There is a lot of talk already about the document’s dizzying capaciousness, the way it seems to want to discuss everything and embrace almost everything, even things that seem on the surface incompatible. It is easy enough to affirm the Pope’s affirmation of both subsidiarity and globalism, but the document, largely because it does not say enough about the nature of the common good, leaves us guessing a bit as to the principles needed to spell out the relationship. Further reflection about these matters would have to begin, not just from the question, “What is man?”, but also from the queries such as, “What does it mean for human persons to hold things in common?” and “What are the peculiar forms of social life in which human persons now hold—and can learn how better to hold—things in common?”

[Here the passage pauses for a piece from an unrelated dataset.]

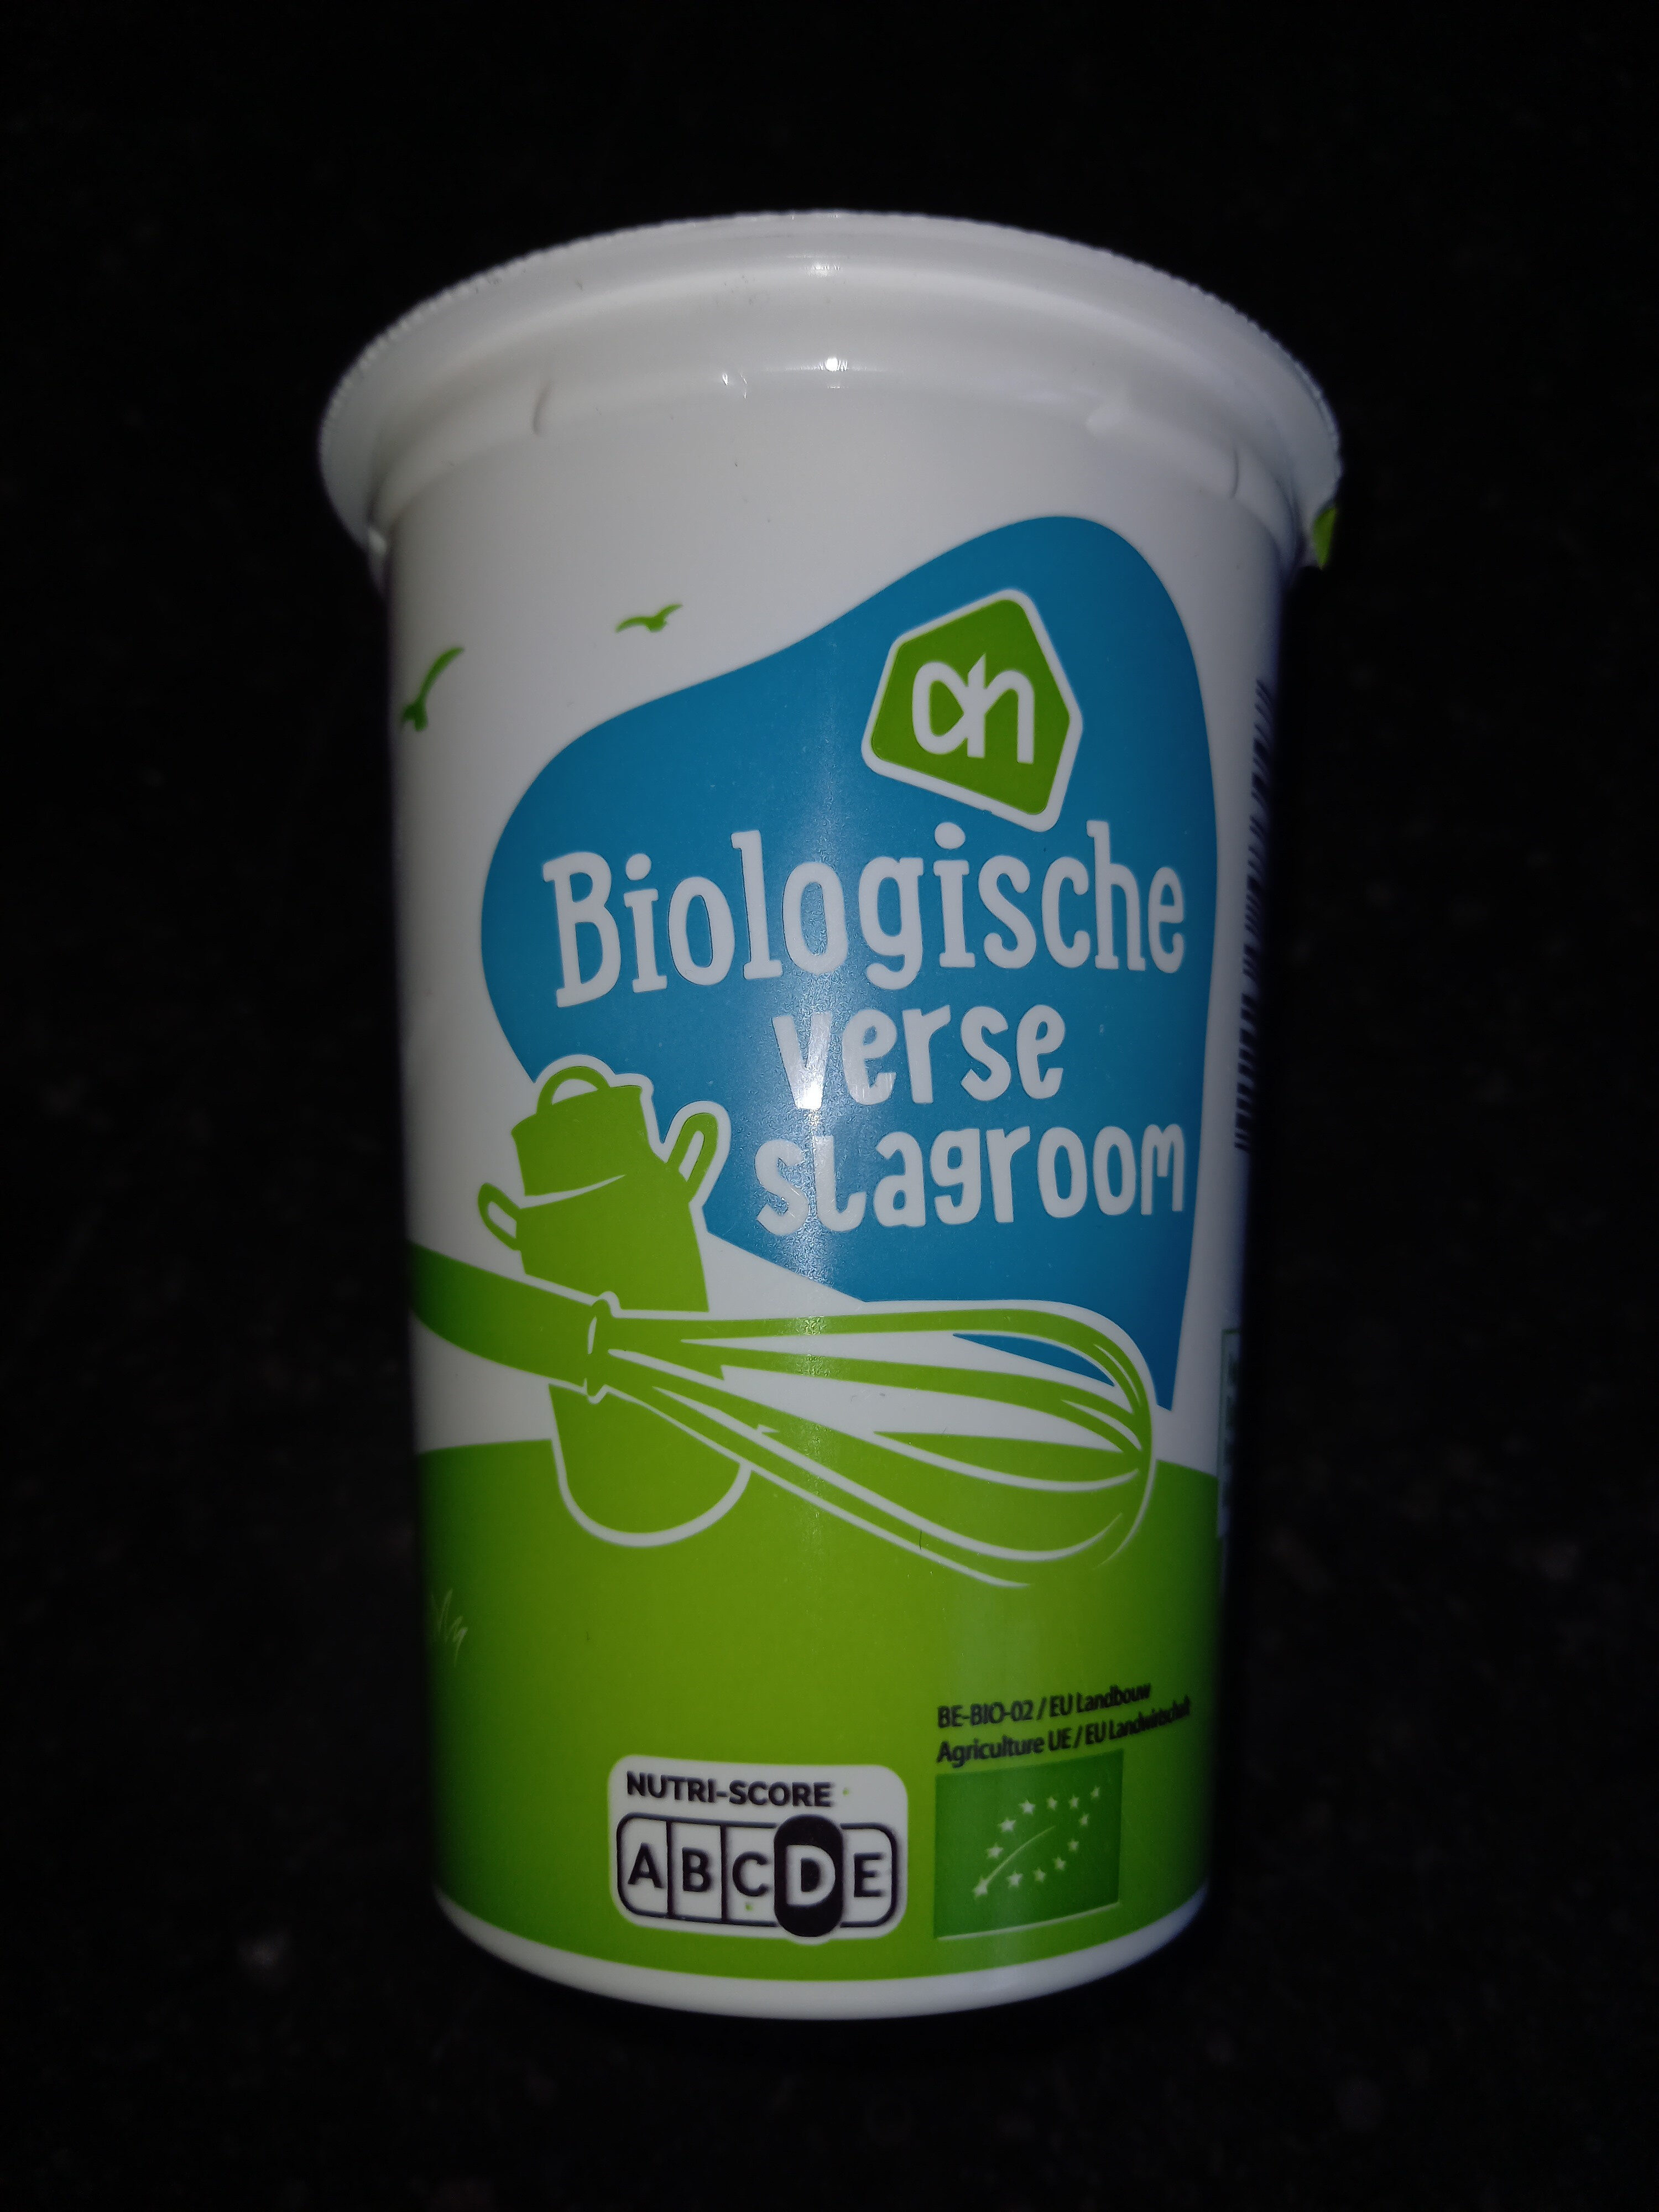 Biologische verse slagroom - Product

Even to raise these questions is to sense how distant we are from the world of contemporary political discourse, where the tendency is toward the privatization, not just of religion, but of questions concerning the good, individual and communal. Indeed, a pressing question for a document such as Caritas in Veritate is this: why is it so easily ignored by the wider society, both by the media, political leaders, and ordinary citizens? Catholics fawning over Obama will quickly retort that he has embraced Catholic social thought, especially in the form of Cardinal Bernardin’s “seamless garment.” Aside from the fact that he ignores Bernardin’s insistence on the non-negotiable priority of the sanctity of human life, as well as Benedict’s claim that “openness to life is at the center of true development,” Obama seems to need instruction in the dictionary definition of “seamless.”
For Manent, democracy—increasingly defined by the pursuit of a freedom unfettered by any external restraint, authority, or law—“neither wants to nor can respond” to the questions raised above. The Pope is not quite so despairing, but his own document gives us reason to think that its teaching will at best be distorted when not smugly dismissed. Benedict makes, as some in the media have noticed, numerous references to the current economic crisis, but he also speaks of other crises, including the one arising from a Promethean spirit of technological mastery, the will to remake both human life and the natural environment according to our unrestrained desires. Benedict astutely points to numerous signs of the fraying of the project of mastery. Our task, as sympathetic readers, is to communicate the teaching of Caritas in Veritate to others, so that they in turn may be better able to articulate the hopes and fears of our time—a time in which the meaning of humanity itself is very much in doubt.
Thomas S. Hibbs is Distinguished Professor of Ethics & Culture and Dean of the Honors College at Baylor University.